Change of base formula says we can do:

\[ \frac{log\space7}{log\space2} \]

You need to plug that into a calculator. Answer by the way is 2.807354922057604.

Log Properties

$ log_a(x * y ) = log_a\space x + log_a\space y $

$ log_a\space(\frac{x}{y} ) = log_a\space x - log_a\space y $

$ log_a\space x^n = n\space log_a\space x $

More solving

E.g.

\[ \log\space (12x-7) = \log\space (3x+11) \]

Looks hard but if logs have same base, can just set insides = to each other and solve, so

$ 12x -7 = 3x + 11 \\ 9x = 18 \\ x = 2 $

Based on equality property:

\[ log_b \space m = log_b \space m \iff m = n \]

Note, need to plug answer back into original equation – occasionally doesn’t work. Above we get $ log 17 = log 17 $. If get negative number, have to throw it out because log of negative # is undefined.

Now, based on product property:

$ log_a(x * y ) = log_a\space x + log_a\space y $

if have this problem:

$ \log_2 x + \log_2 (x-2) = 3 $

Equivalent to

\[\begin{split} \log_2 \space (x * (x -2)) \\ \log_2 \space \therefore \\ 2^3 = x(x-2) \\ 8 = x^2 - 2x \\ x^2 - 2x - 8 = 0 \\ (x -4)(x + 2) = 0 \\ x = 4, x = -2 \\ x = 4, \cancel{(x = 2)} \end{split}\]

Have to plug back in… which leads us to throw out the -2 as it’s a domain error.

Professor Leonard

Graphs of Exponential Functions

Polynomials have variables, sometimes raised to a constant exponent. E.g. $ax^2 + bx + c = 0$ is a polynomial.

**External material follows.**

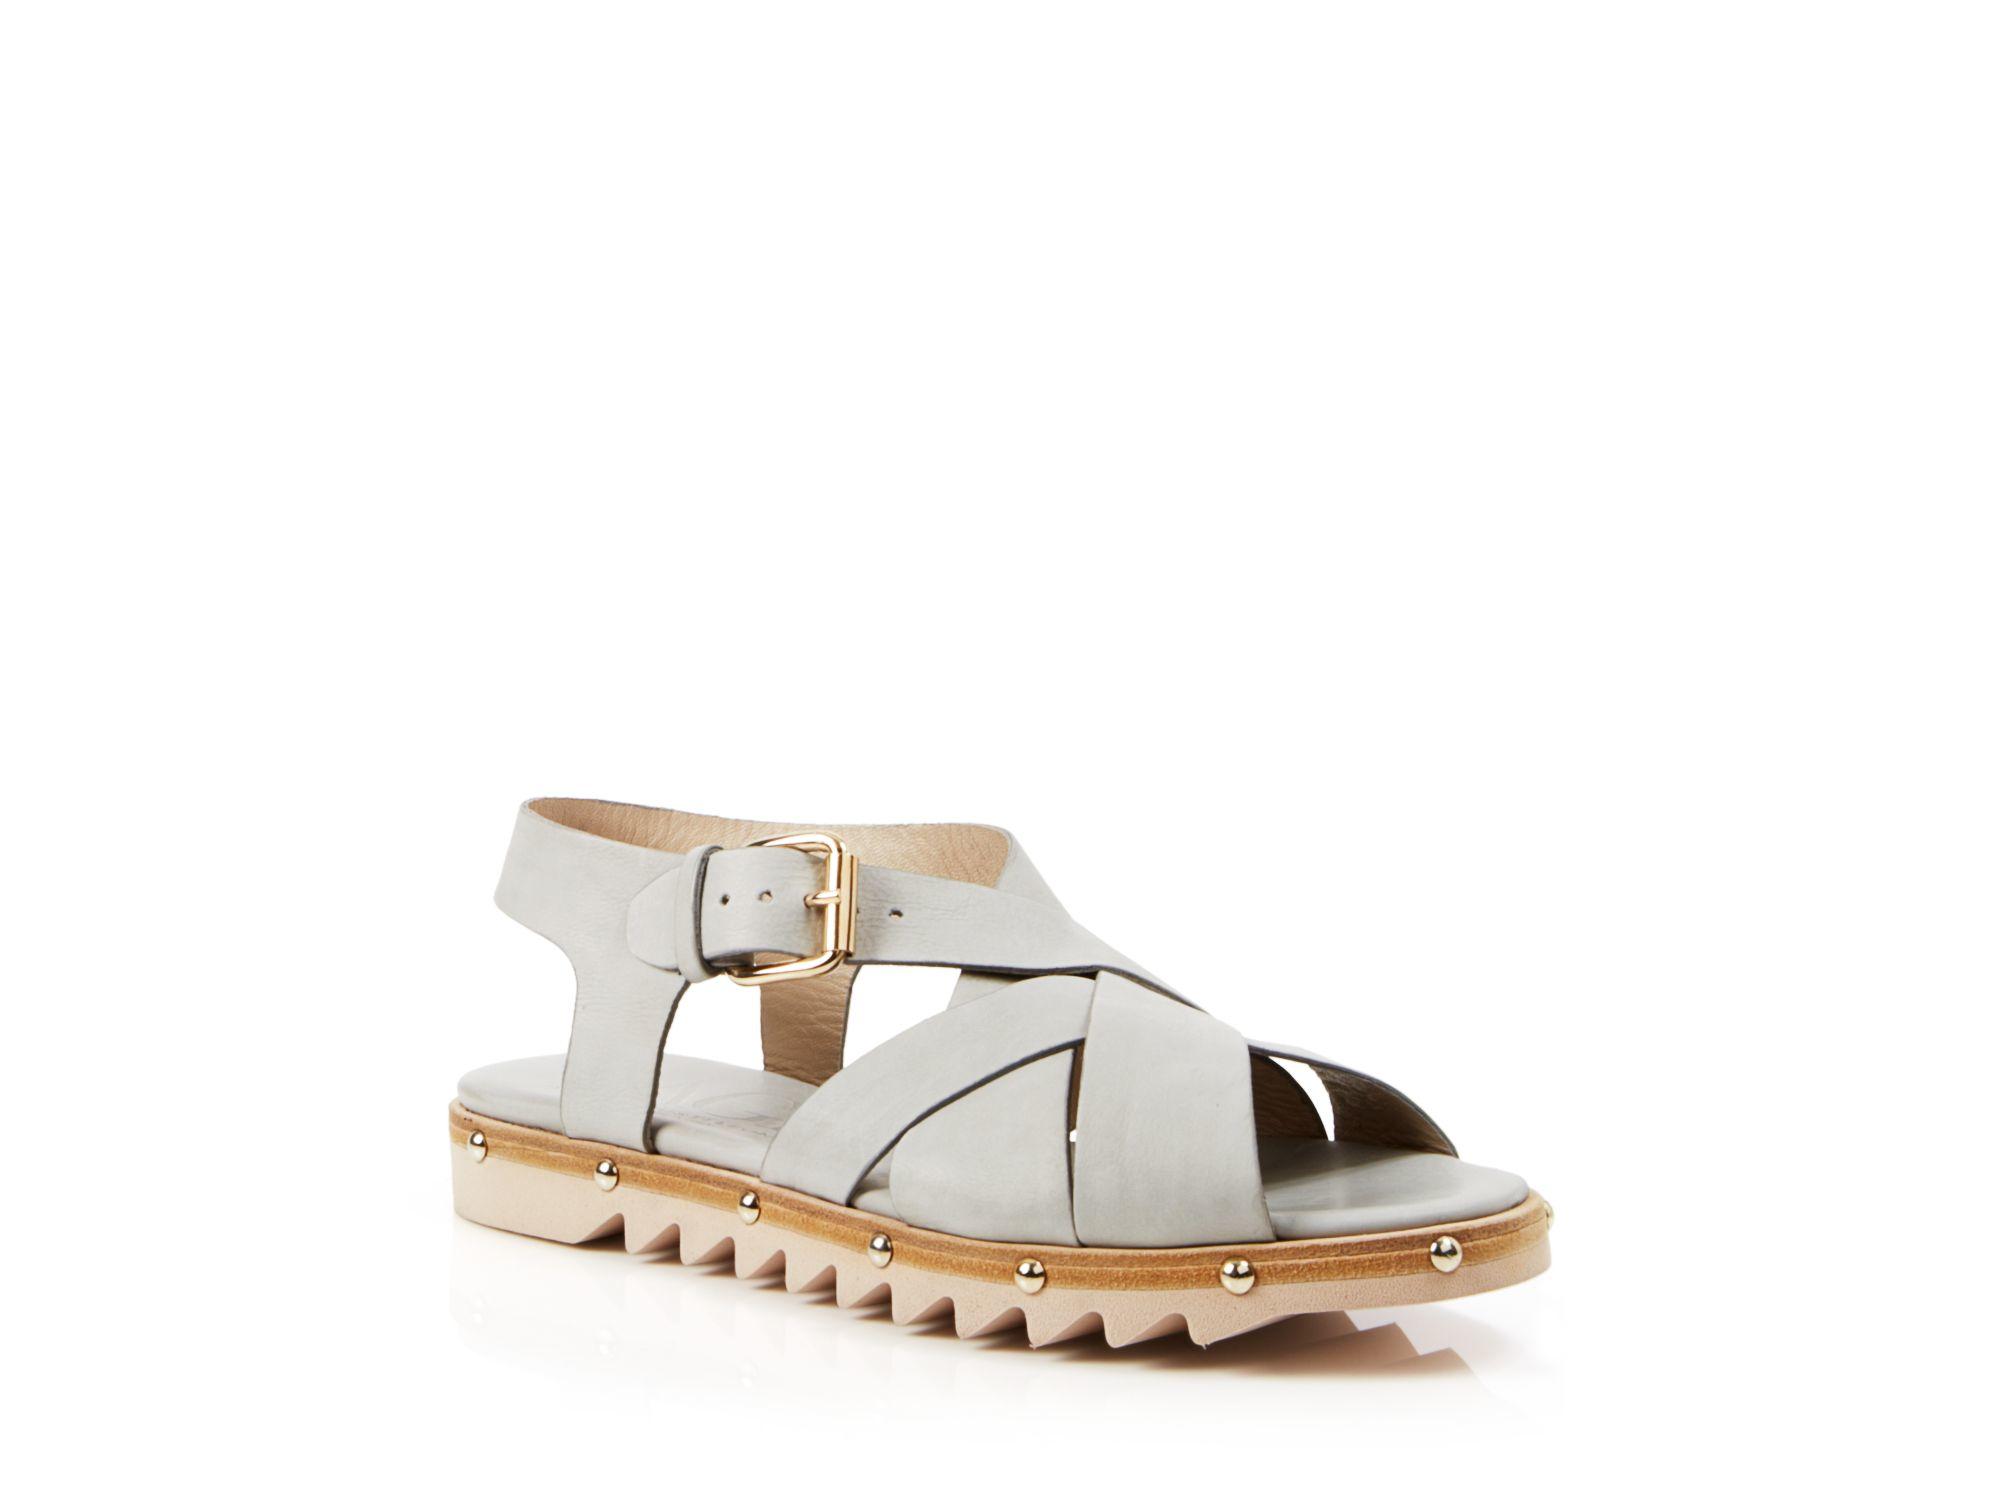 Chaussures - Sandales Attilio Giusti Leombruni 6PPhYs

In contrast an exponential function has the variable as the exponent, e.g. $f(x) = a^x$, where a is always positive, not 0 or 1. As base gets > 1, get an increasing graph. As it gets less than one (but not negative), get decreasing graph. E.g. this graph. All this assumes that exponents positive too. Remember, negative exponents create reciprocals, e.g. $2^{-1} = \frac{1}{2}$.

Exponential functions have a key point at (0, 1) and a horizontal asymptote. Domain is all reals, but range is always positive.